After Second Reading

  13.  Changes may be made in the membership of the committee; amendments are tabled.

  14.  The Committee meets and may agree changes to its programme in the light of proposed amendments to the bill; dates for hearings if any (committees on minor or totally uncontroversial bills will often decide not to take oral evidence) are finalised and witnesses are summoned.

  15.  Hearings of oral evidence are as in any select committee. Evidence may be heard from civil servants on the details, practicalities and drafting of the bill, but not normally from the Minister on policy as the Minister in charge of the bill in committee is a member of the committee, can himself question witnesses and speak for the Government on policy issues. Evidence may also be heard from the chairman or other members of a departmental select committee which has conducted a pre-legislative inquiry into the bill. The Chairman of the committee at all stages will be a member of the Chairmen's Panel, but would not usually take the lead or an active part in questioning witnesses.

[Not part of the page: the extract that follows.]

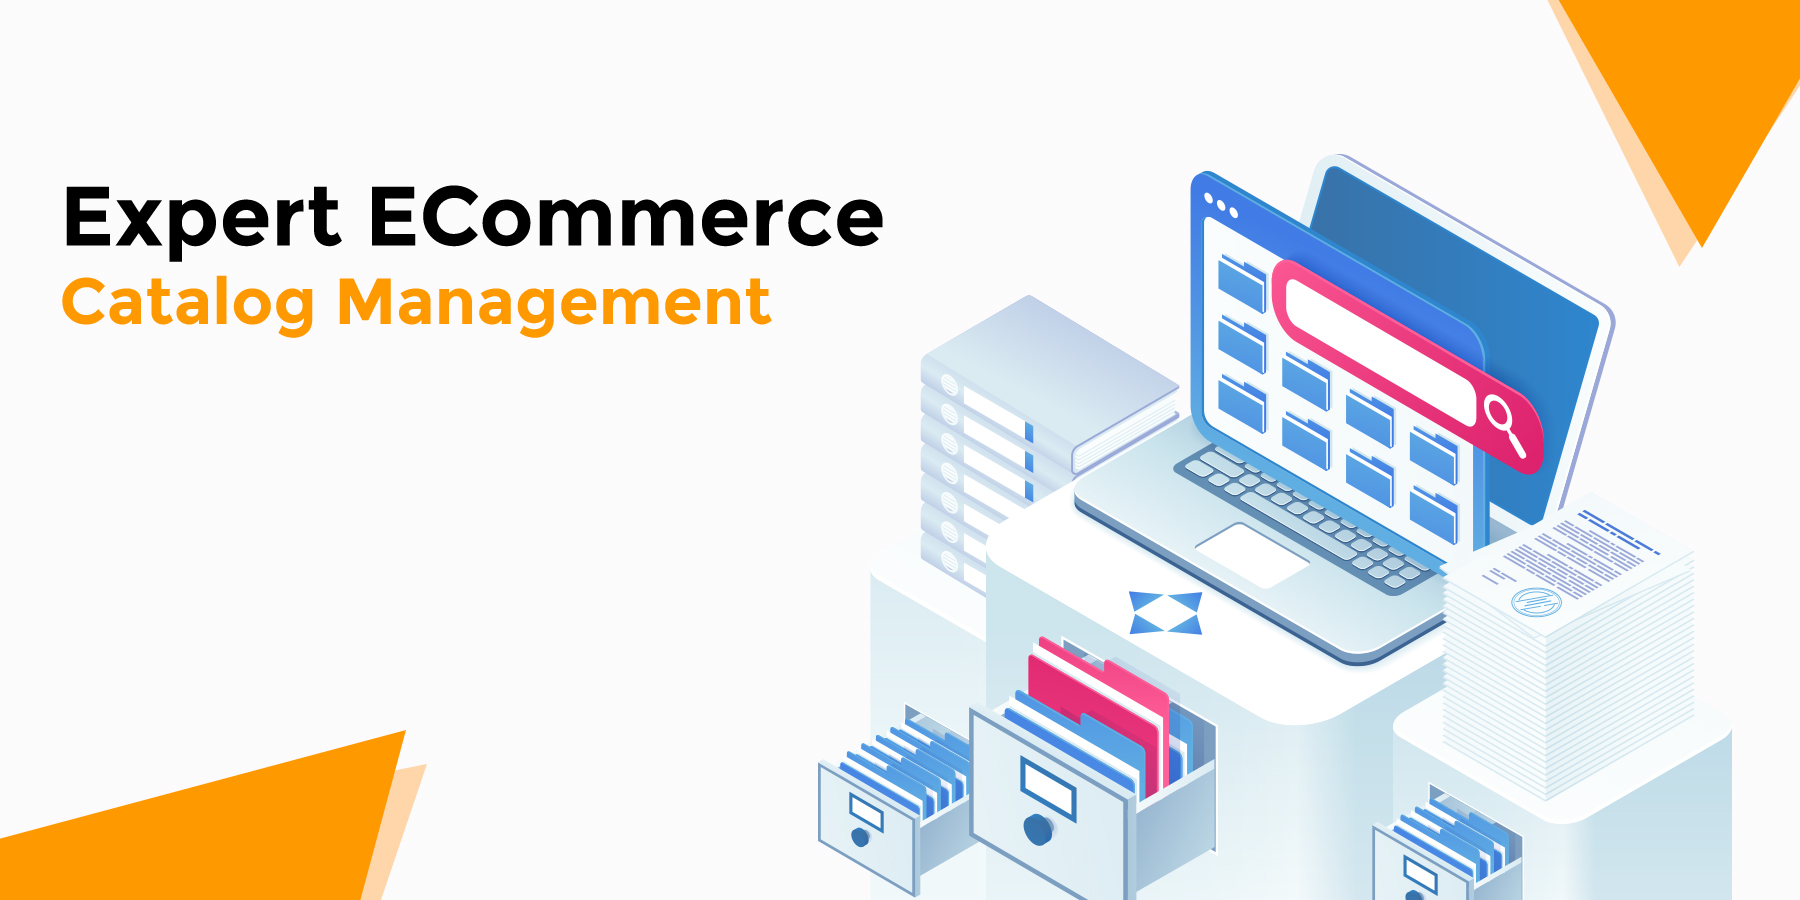 Resolve Common Ecommerce Catalog Management Challenges With The Help Of Experts

  16.  After any evidence has been heard on the bill (or separately on each Part of the bill) the committee may wish to deliberate, perhaps to identify those clauses on which there is general agreement and those on which more extensive debate will be needed. Such deliberation would be in private as in a select committee.

  17.  The committee then publicly debates amendments and clauses as in a standing committee.

  18.  At any time the House may agree an amended Programme Order, which may involve the alteration of the committee's own detailed programme.

  19.  Following the Programme Order, the committee then reports the bill in the usual way. Exceptionally the committee may wish to agree a Report or Special Report on the bill.

  20.  During the Consideration stage, the House may recommit the bill to the committee (again subject to a Programme Order) for consideration of some amendments (especially those related to Government undertakings given in the committee. A similar treatment may be used for Lords' Amendments.

Consultation on bills

  21.  A major chapter in Making the Law concerned the need to improve arrangements for consultation with interested parties during the preparation of bills. Happily, since that report, the processes of consultation carried out by departments have been reformed, the Cabinet Office has laid down clear guidelines and the quality of consultative documents prepared by some departments (perhaps most or all?) appears to have improved substantially. But consultation needs to be monitored. The Deregulation and Regulatory Reform Committee do this very effectively in respect of deregulation orders and it would be a valuable reform to extend this to primary legislation.

  22.  To this end, a report on the consultations that have been carried out should be published with nearly all bills (as is now done in the Scottish Parliament) and the committee on the bill should satisfy itself regarding the extent of consultation (including taking evidence from interested parties where necessary) and report to the House accordingly.


  23.  It is not expected that these proposals will be totally acceptable. Other experts will doubtless find defects. However, if it is proposed that committees on bills should be empowered to take evidence, careful thought is required on how this should be done, and perhaps this paper will be helpful in getting this started.